# Ripped Off by French Website/Vendor



## ClemTrout

In September I ordered a chain saw from a French based website and paid via virement €454. The website communicated promptly with regard to the sale and payment details...and then silence. The chain saw never arrived. Numerous emails and website chat posts with no response. The telephone number ("09" prefix) rang until hanging up; now it is not in service. There is a SIRET number on the site. The physical address on the site does not look like a large agrico-magasin. It has now been more than 30 days since payment was confirmed.

Is there anything I can do? Any sort of complaint mechanism or small claims? Or do I just chock it up to "c'est comme ca?" My "threatening emails" have received ZERO response.


----------



## LesFroggitts

Unfortunately there are many scams about nowadays, in France any vendors that request bank-transfer (virement) payment MUST be treated with exceptional care - as an example anything to do with firewood/pellet supply and needing this payment method is a big no-no.
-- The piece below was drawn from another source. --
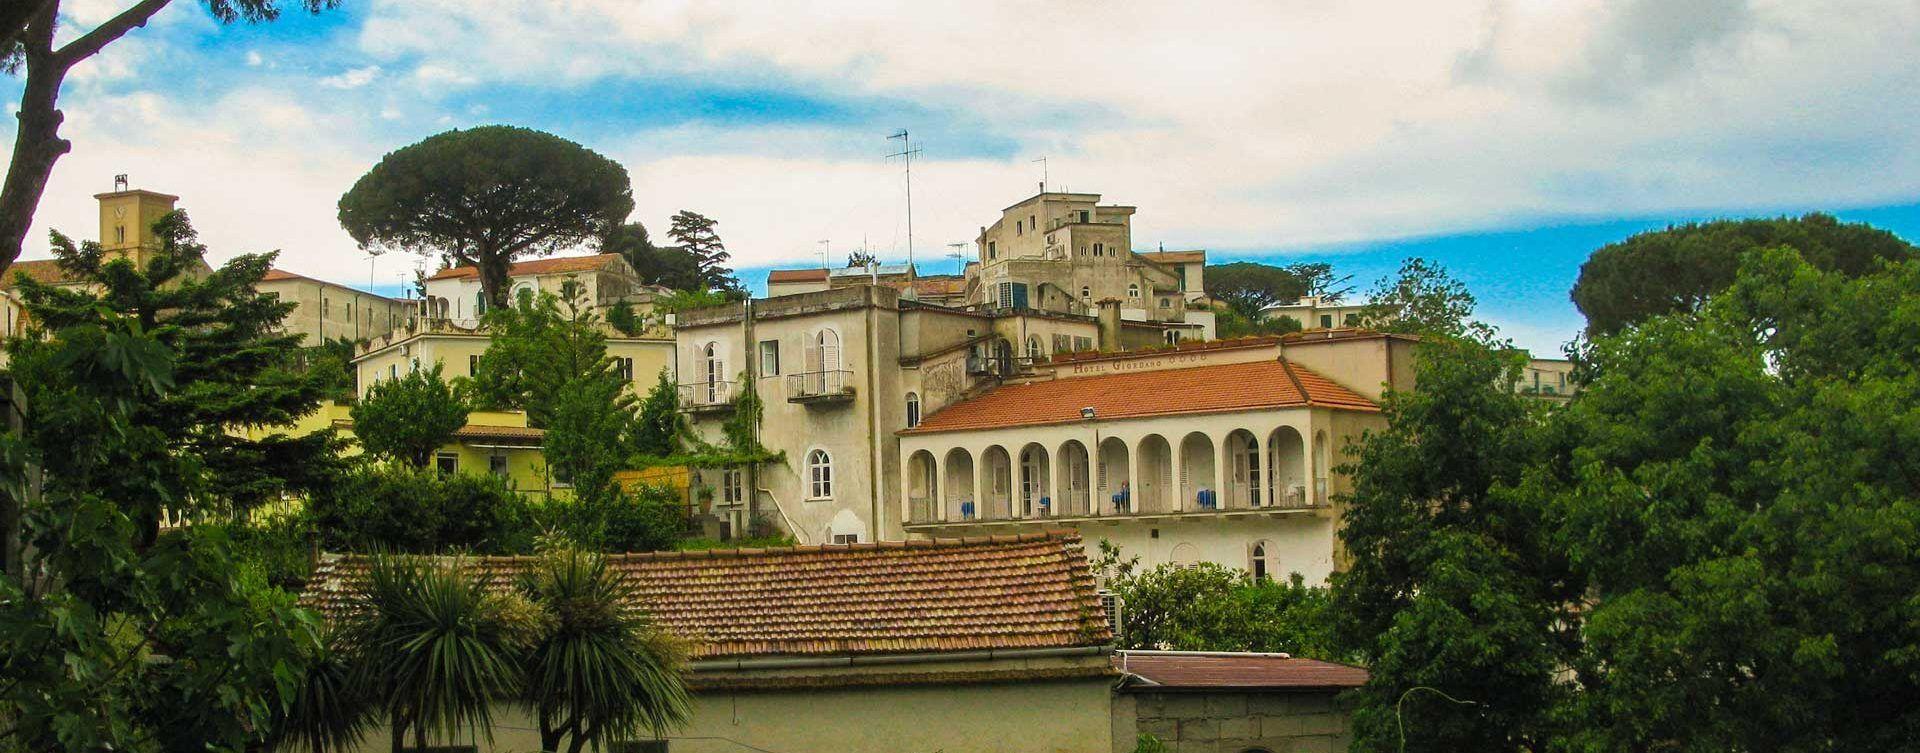 ravello panoramic travelshare.gr

Have you spoken with your bank? They 'may' be willing to help but likely they will say that the fault lies with you for paying by transfer rather than credit/debit cards.


----------



## BackinFrance

I agree that it is not appropriate to pay by virement. Websites should allow you to pay with your bank's card or often now via PayPal. Any site that requires a virement is suspect. If you pay with your hank/credit card you have easy recourse. However your bank may agree to try to claim the money back, however you seem to have waited a long time to ask them to do that.


----------



## Clic Clac

Have you looked for their Fb and Instagram pages?
Your posts will go 'live' on there.
Also Google 'Avis (company)' to see if anyone else is fighting with them.


----------



## EuroTrash

Have you checked out the siret nimber? Rechercher le SIRET d'une entreprise pour obtenir le Kbis


----------



## ccm47

Yes you can take it to your local tribunal de justice. The link is here: https://www.service-public.fr/parti...vous devez d,vous pouvez saisir les tribunaux.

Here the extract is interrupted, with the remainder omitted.